Let’s take Apple. Apple has only made two large acquisitions - NeXT and Beats - in the modern area. NeXT was bought to “sustain” the MacOS and Beats was bought to jump start Apple Music and its audio business. Is there any reason to believe that Apple who was already streaming purchased movies and musics needed Beats to bring streaming technology to the store. Beats was never going to disrupt Apple’s business. In fact, Cook said that Apple acquires a company on average every three weeks. Are all those “disruptive”?

Neither LinkedIn or GitHub were going to disrupt Microsoft in anyway.

Jobs, having been forced out of Apple, was leading NeXT at the time, and Apple was a failing hardware company. Software, driven by Apple’s founder was threatening to take Apple’s market. I don’t know how you can say this wasn’t potentially disruptive.

Post Jobs’ death they bought a black celebrity-driven entertainment company. This was absolutely a brand threat as Apple was now associated with Tim Cook, who is perhaps many amazing things but they do not include cool.

Fast forward a decade and Microsoft recognized the game that was being played, which is that a set of six murky quasi-monopolies attempt to acquire diverse revenue streams and not lose information sources or access to their markets. While LinkedIn or Github may not have been direct threats to any of Microsoft’s existing businesses, if someone else got ahold of them Microsoft would have zero social footprint, which would be a big problem for them, having essentially missed out on search as well.

> Software, driven by Apple’s founder was threatening to take Apple’s market

NeXT was already a failure and was transitioning out of the hardware business. Apple couldn’t make a modern operating system to save its life and was getting crushed by Microsoft.
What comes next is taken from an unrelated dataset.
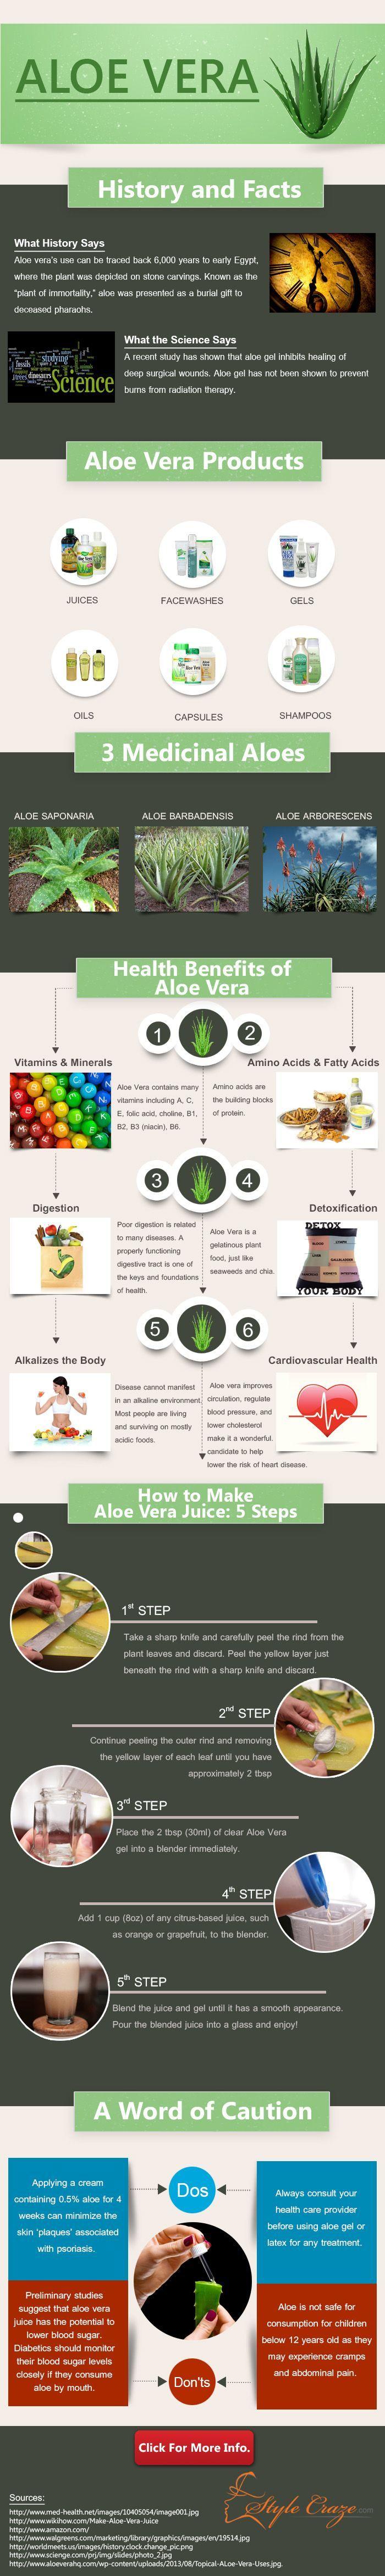 Amazing Benefits Of Aloe Vera https://www.facebook.com/groups/gillianajonesforever/

> Post Jobs’ death they bought a black celebrity-driven entertainment company. This was absolutely a brand threat as Apple was now associated with Tim Cook, who is perhaps many amazing things but they do not include cool.

People aren’t buying iPhones because of a producer that most outside of Hip Hop only knew because he was the producer behind a famous White rapper (Eminem).

> Microsoft’s existing businesses, if someone else got ahold of them Microsoft would have zero social footprint, which would be a big problem for them, having essentially missed out on search as well.

Under Satya, they moved away from Windows everywhere to cloud and Office everywhere.

Azure isn’t popular because of GitHub. It mostly targets stodgy old Enterprise customers that are already on the MS platform. That’s not meant to be an insult. I was a stodgy old enterprise MS dev until 2018 when I started moving toward AWS technologies (where I now work).